(Beginning of INFORMATION SHOWN)

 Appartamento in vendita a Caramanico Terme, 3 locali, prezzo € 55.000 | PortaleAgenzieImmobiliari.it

(End of INFORMATION SHOWN)
(Beginning of INFORMATION SHOWN)

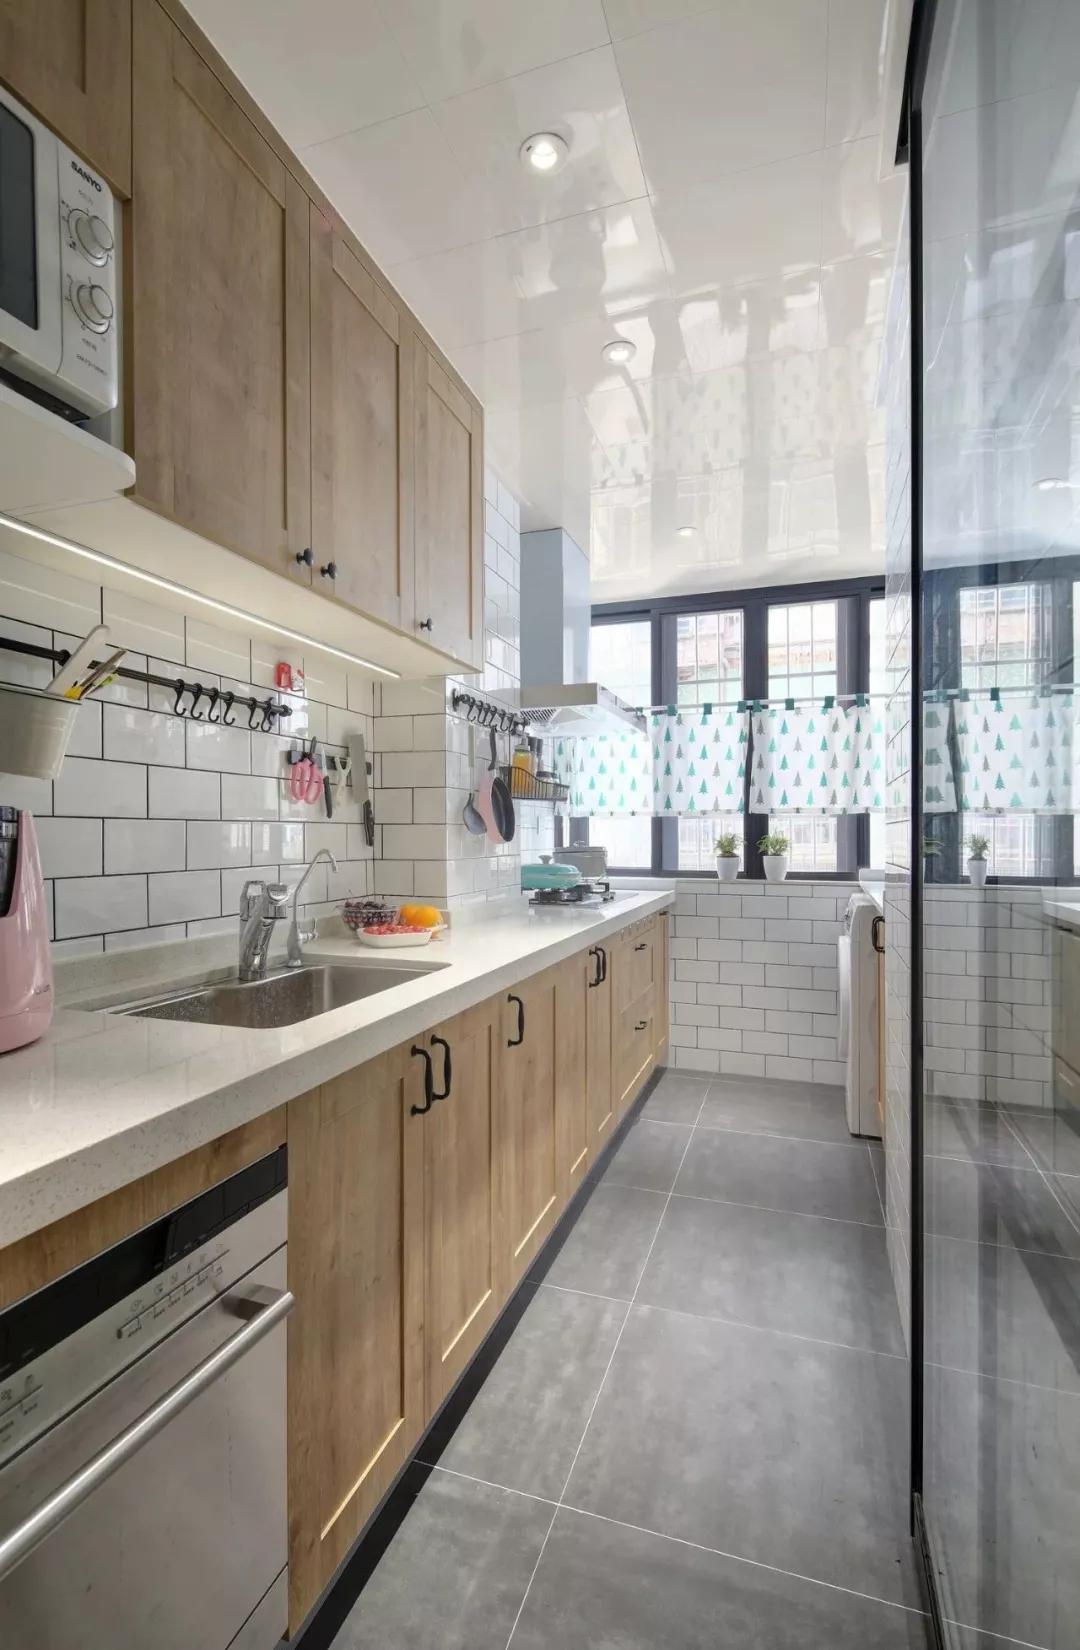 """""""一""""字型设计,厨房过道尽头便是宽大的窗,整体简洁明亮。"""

(End of INFORMATION SHOWN)
(Beginning of INFORMATION SHOWN)

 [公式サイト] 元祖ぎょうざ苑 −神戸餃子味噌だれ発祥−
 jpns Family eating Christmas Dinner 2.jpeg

(End of INFORMATION SHOWN)

HOW TO COMPLETE THIS TASK: The lines to extract from the data above begin with the line containing "[公式サイト] 元祖ぎょうざ苑 −神戸餃子味噌だれ発祥−" and end with the line containing "jpns Family eating Christmas Dinner 2.jpeg". Extract them exactly, including both.

SOLUTION FOR THIS EXERCISE:
 [公式サイト] 元祖ぎょうざ苑 −神戸餃子味噌だれ発祥−
 jpns Family eating Christmas Dinner 2.jpeg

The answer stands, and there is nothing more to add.